TPSS currently buys from 198 local vendors, and these products are found in every section of the store, from wellness to dairy to prepared foods to beverages to baked goods and more.  TPSS buys local fresh fruits and vegetables in season from Summer Creek and a handful of southeastern Pennsylvania farms such as Mike Tabor’s Licking Creek, Lancaster Farms and Common Market, a Philadelphia-based aggregator of small farms. But fresh produce represents a small portion of the co-op’s local providers.
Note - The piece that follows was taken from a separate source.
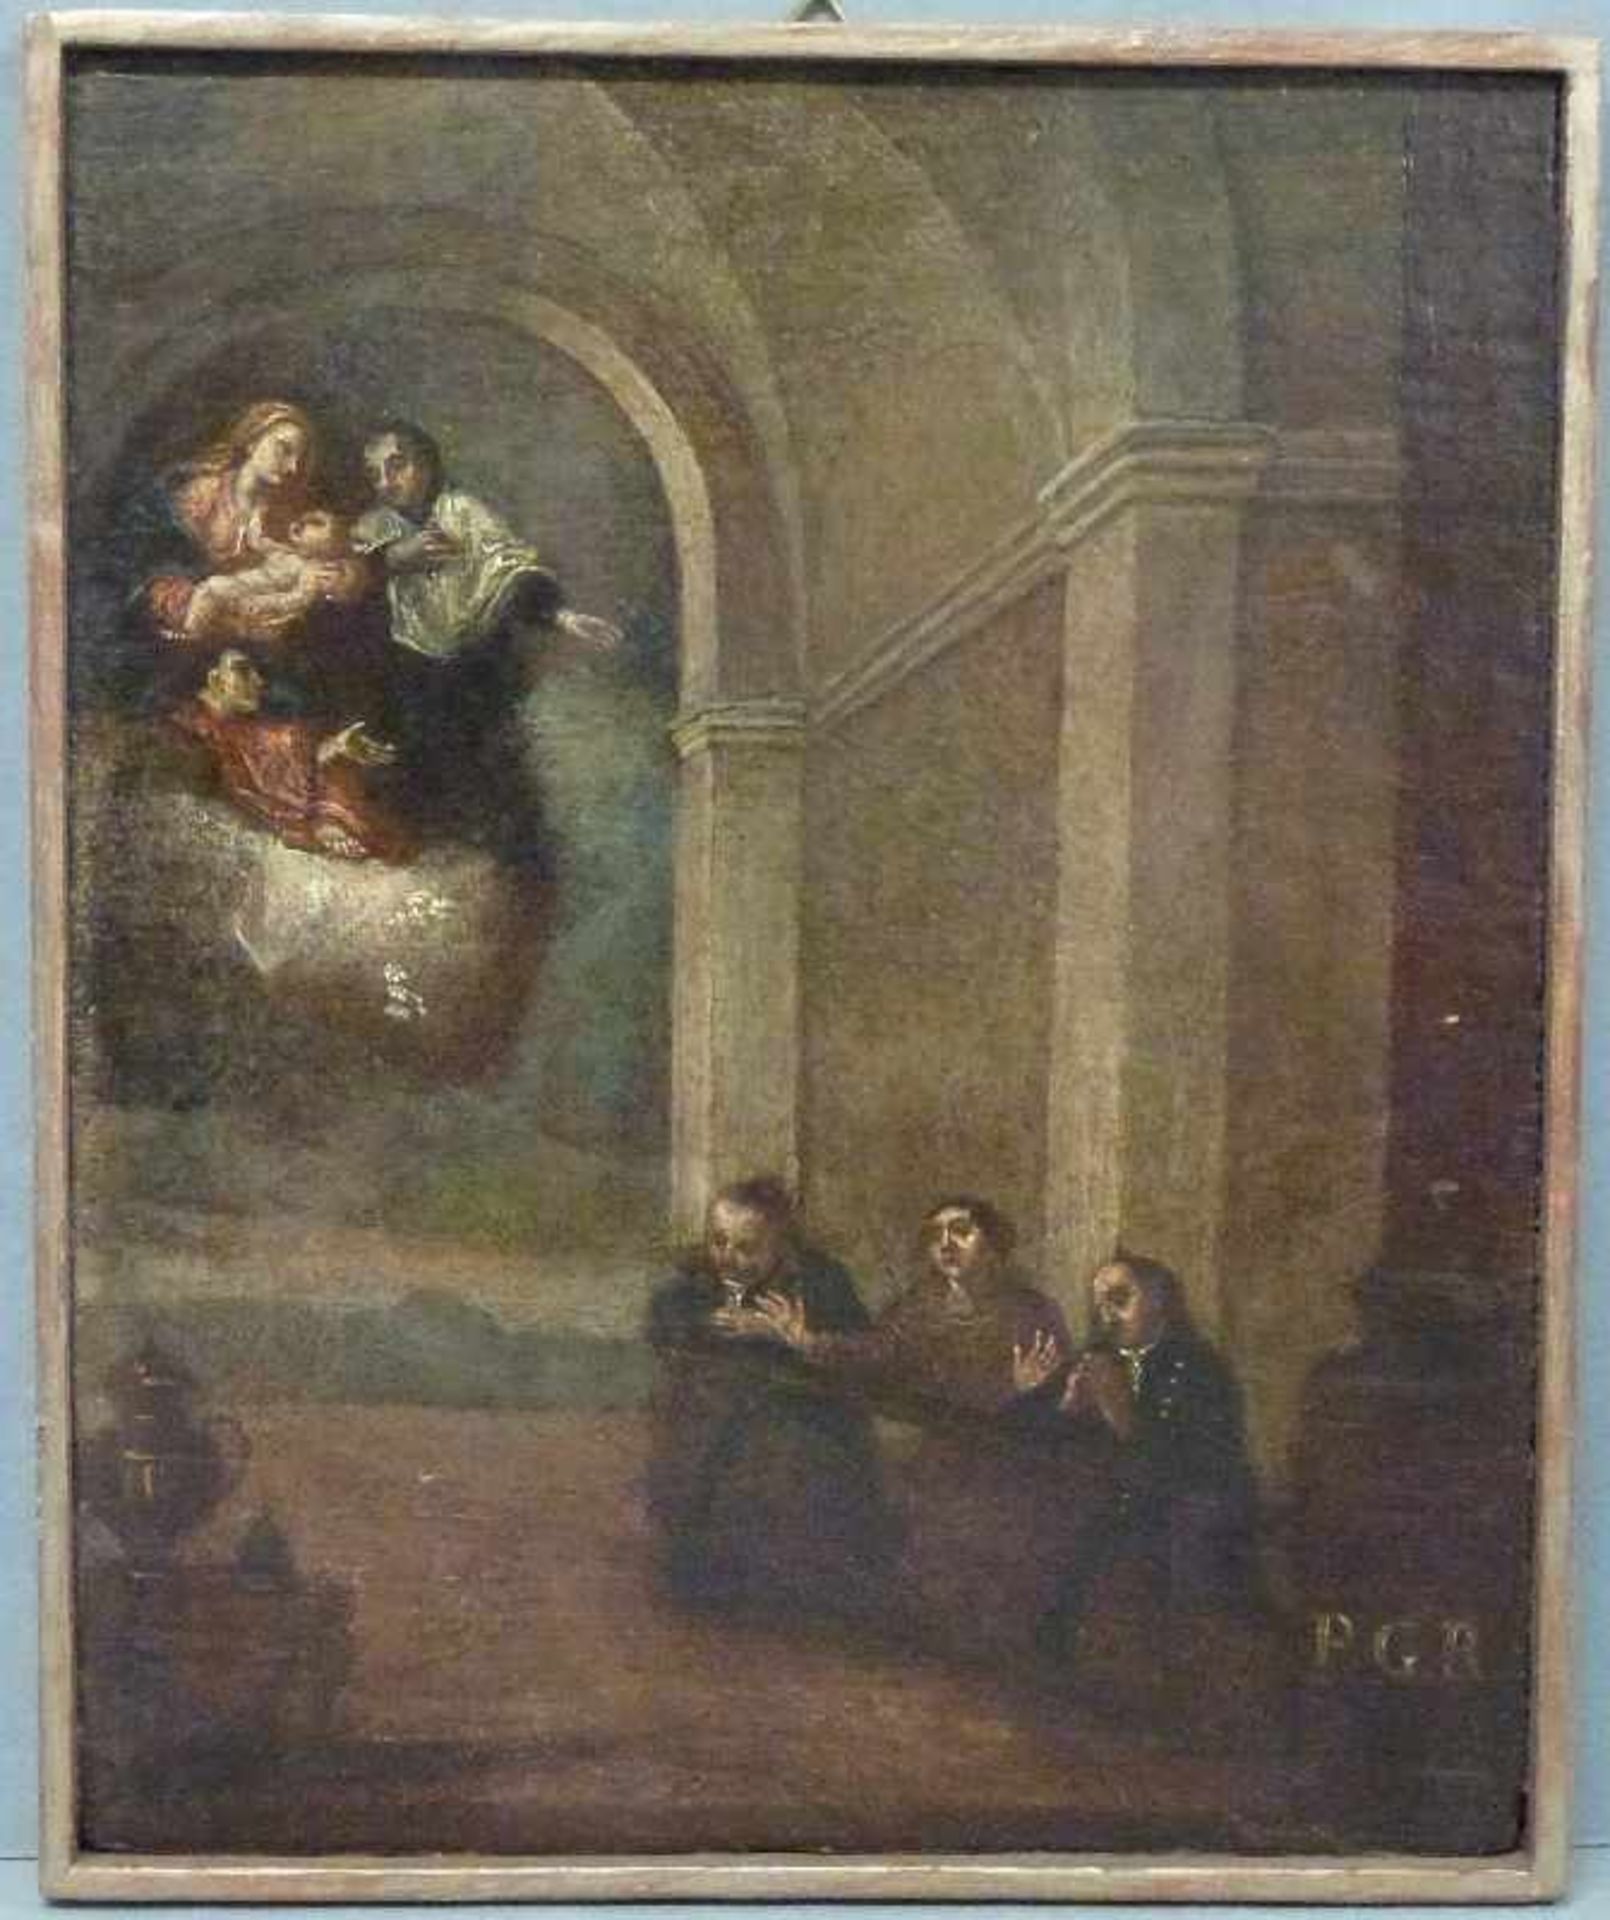 Votivbild, 19.Jh. Öl/Holz, in Kirche Betende und Flehende, Maria mit Jesuskind in Wolken, Monogr.: - Bild 2 aus 2

To keep popular fruits and vegetables on the shelf year-round and to access produce not grown locally, TPSS buys organic and sustainably produced goods largely through Four Seasons, a distributor serving the Mid-Atlantic and Northeast. 

Houston says that “TPSS offers retail on-ramps [for local vendors] that is increasingly non-existent at corporate grocery stores.” He notes that Whole Foods “once did a tremendous job on local sourcing.” Now, like most corporate chains, it no longer seeks to buy from local producers but focuses on large-scale distribution for the sake of efficiency and profits. 

It is increasingly important that we have co-ops and independent stores, says Houston “who provide an on-ramp for producers who are graduating from farmers’ markets and want to try their hand at retail.”

Even so, he says, “it’s not a good thing [for the local food economy] that we are increasingly differentiated in this way.”

Once TPSS has settled on the location for a second store and the strategic planning for a two-store enterprise is underway, the co-op’s board and management will be exploring ways to expand access to locally grown fresh produce.